Change 459597 abandoned by Niedzielski:
Do not merge: test unbuilt inputs

Reason:
Abandon! The build outputs differ:

18:30:25 diff --git a/resources/dist/index.js b/resources/dist/index.js
18:30:25 index 80895dd..32c5eac 100644
18:30:25 Binary files a/resources/dist/index.js and b/resources/dist/index.js differ
18:30:25 diff --git a/resources/dist/index.js.json b/resources/dist/index.js.json
18:30:25 index ab577b5..151463c 100644
18:30:25 Binary files a/resources/dist/index.js.json and b/resources/dist/index.js.json differ

https://gerrit.wikimedia.org/r/459597

Niedzielski closed this task as Resolved.Sep 10 2018, 6:32 PM

I'm not sure what the problem is. Are you saying I can't make a commit to Popups unless I have Node v6.11.0? If that is the case, it should be documented in ALL CAPS in the readme. 😉

you can make a commit, but you if you run npm run build the version is important.
It seems the error message is not being broadcast well enough.
I don't think adding to the README makes sense, as we already make the node version clear inside package.json and .nvmrc as well as the script that fails.
We should probably update the README to ensure that the correct version of Node is being used and that we recommend using nvm.

For what it's worth, @zeljkofilipin, I think this problem will go away in time. Once NPM v5 is deployed in CI, lockfiles will be honored and hopefully we won't have build differences across newer Node.js / NPM versions.

you can make a commit, but you if you run npm run build the version is important.

No, I could not make the commit.

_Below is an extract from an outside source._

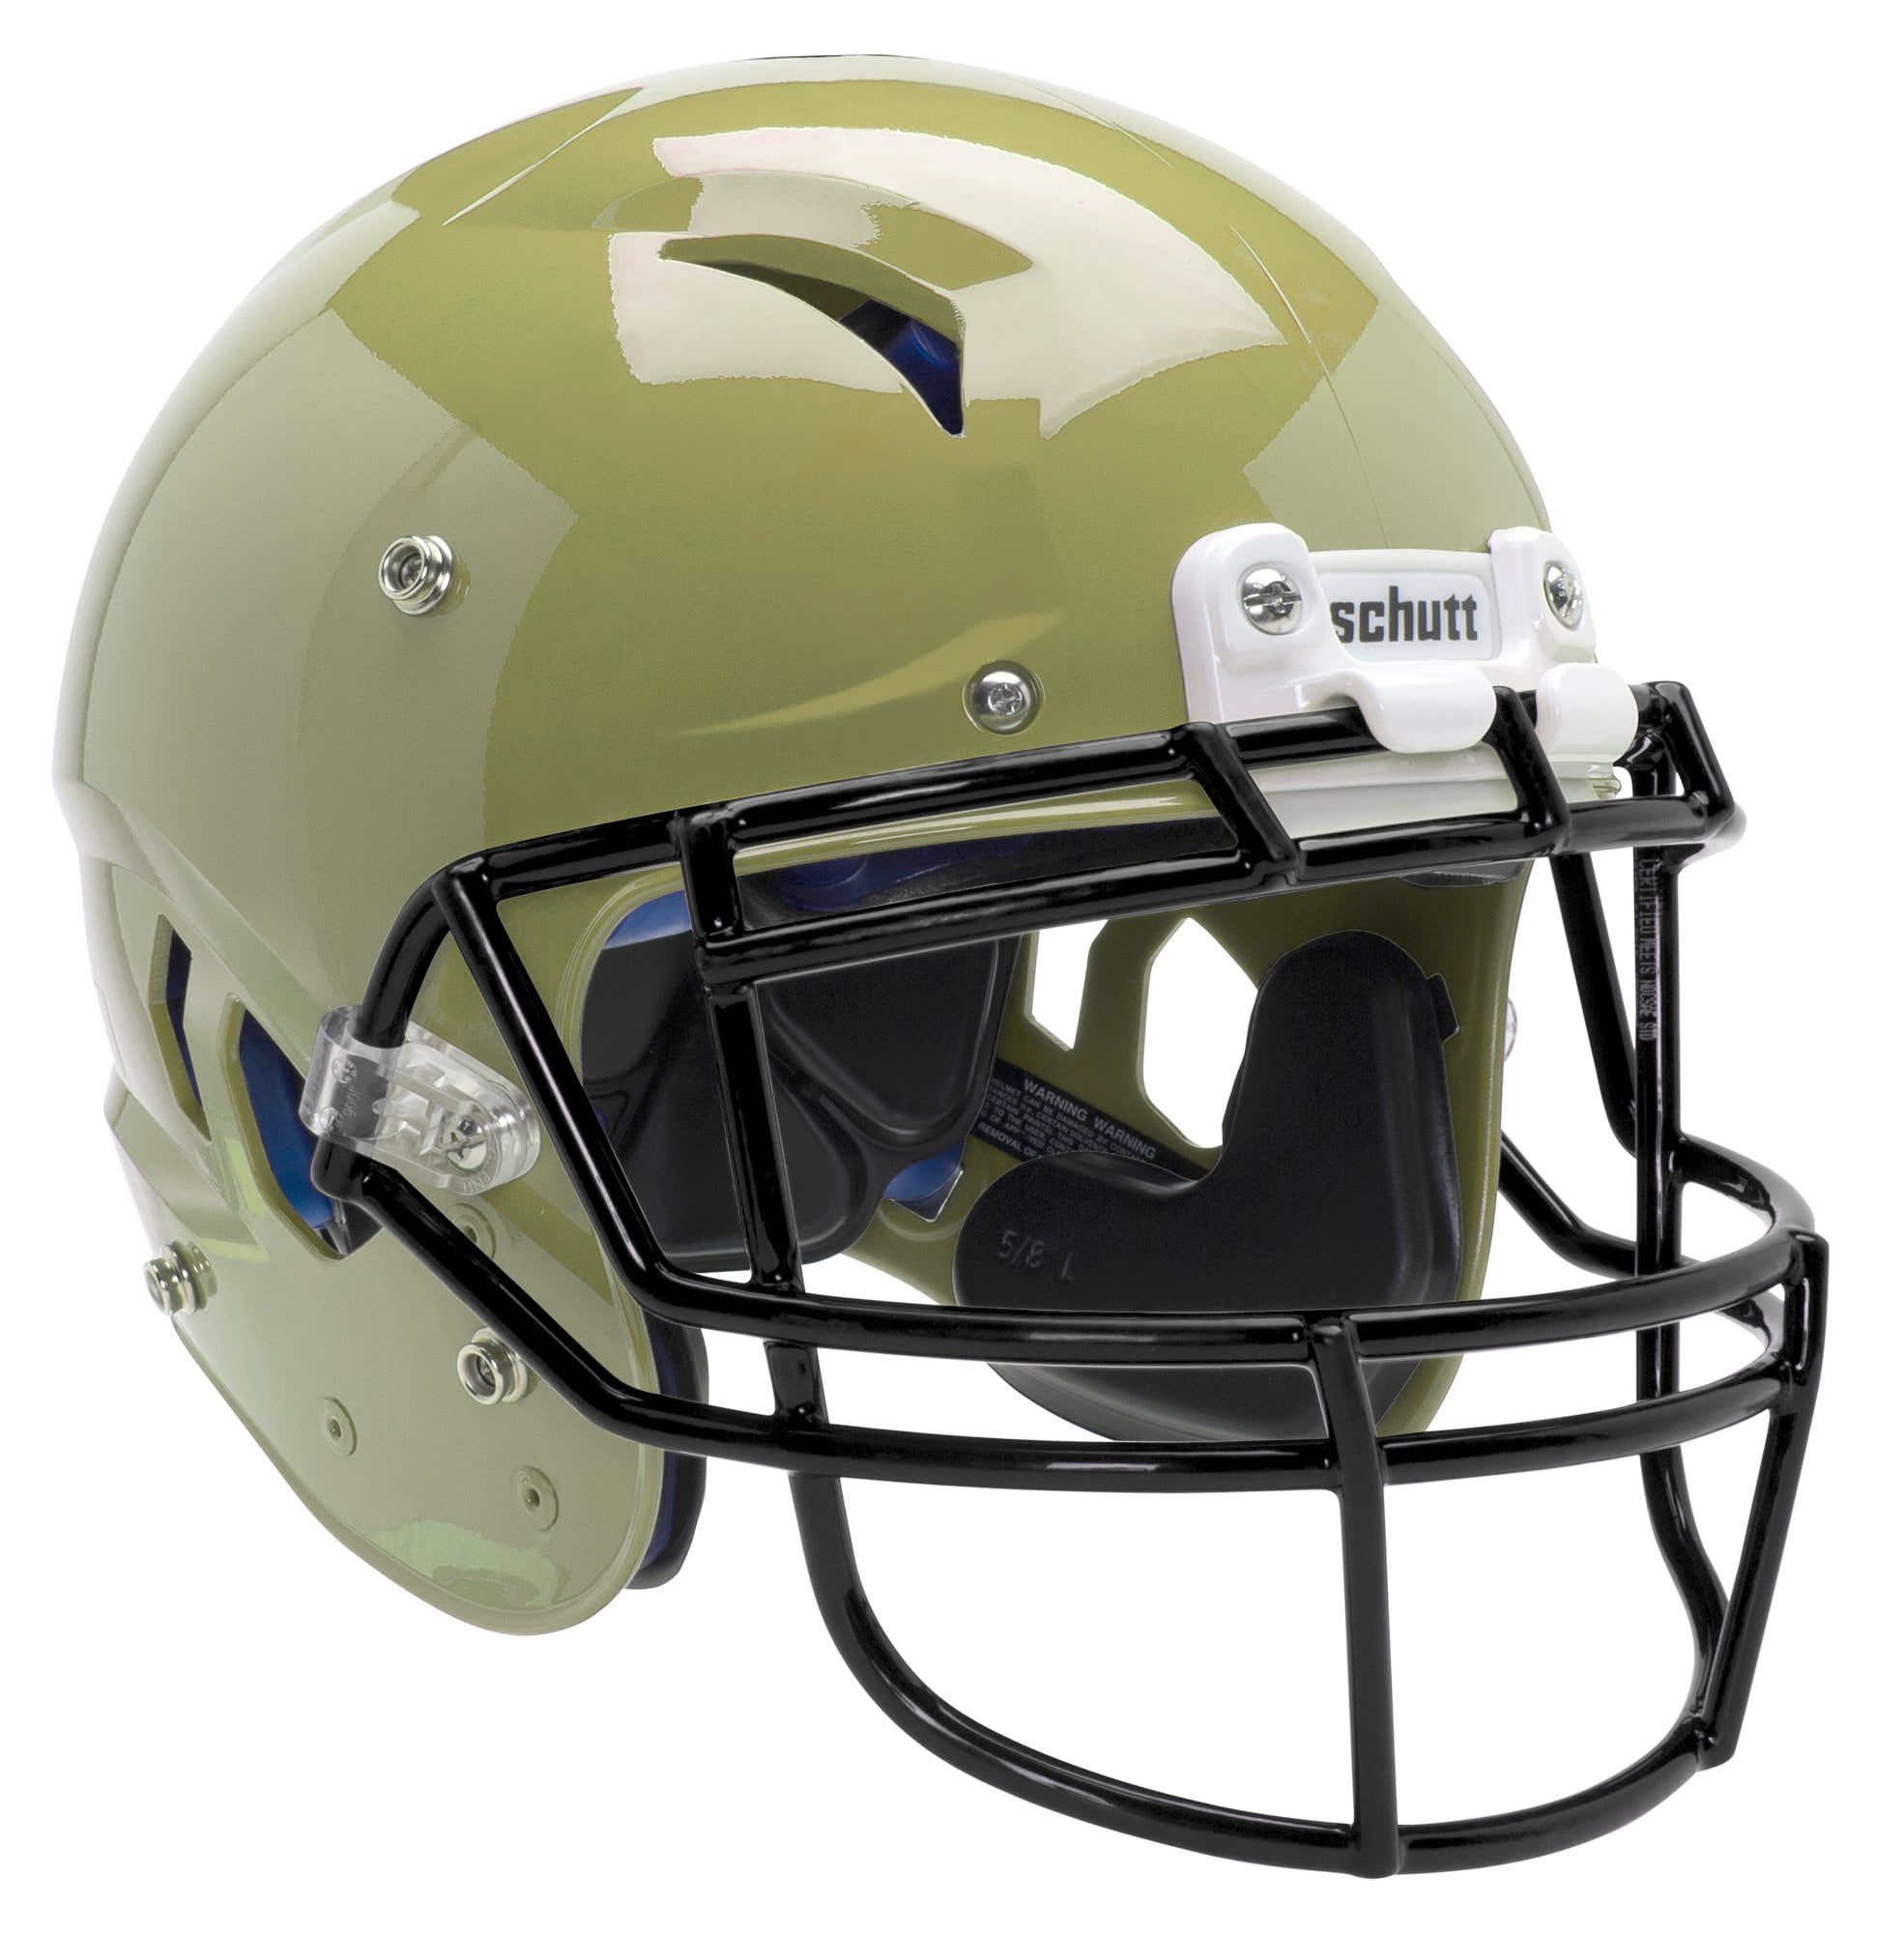 New Schutt 2019 Vengeance Pro Adult Football Helmet With Facemask

See T203591#4562169. Popups has a precommit git hook and it fails on my machine, aborting the commit. All I wanted to do is add a dev dependency to package.json (one line change), but I was not even able to make a commit.

It seems the error message is not being broadcast well enough.
I don't think adding to the README makes sense, as we already make the node version clear inside package.json and .nvmrc as well as the script that fails.
We should probably update the README to ensure that the correct version of Node is being used and that we recommend using nvm.

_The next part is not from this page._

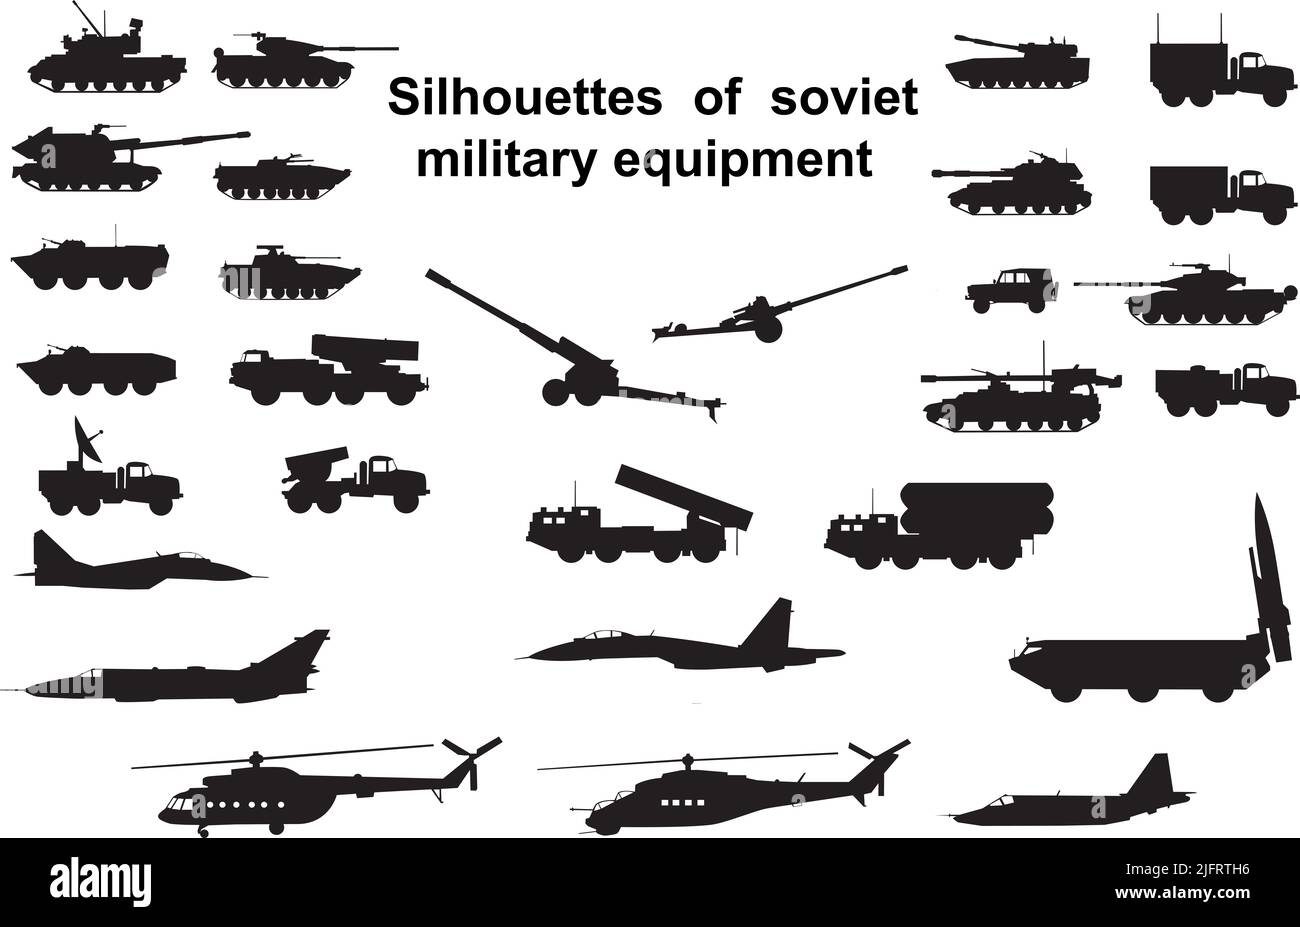 silhouettes of soviet military equipment Stock Photo

I might just be more ignorant than an average contributor, but I've sent minor patches to many repositories and I can't remember ever being unable to make a commit.

I was not aware that node version can be specified in package.json and I have never used nvm, so I've ignored .nvmrc. Now that I know that, it's obvious. I did check readme file but I could not find any special requirements for the repo.

For what it's worth, @zeljkofilipin, I think this problem will go away in time. Once NPM v5 is deployed in CI, lockfiles will be honored and hopefully we won't have build differences across newer Node.js / NPM versions.

All problems will go away in time. 😄

The problem with the commit is the pre-commit hook (which runs the npm run build command) is failing. You should be able to disable it to not run into this problem.

Is there a task tracking NPM v5 being used in CI? I want to work out what the trade-offs here are for making this better or waiting for that. It's clearly not ideal right now and is annoying for us too.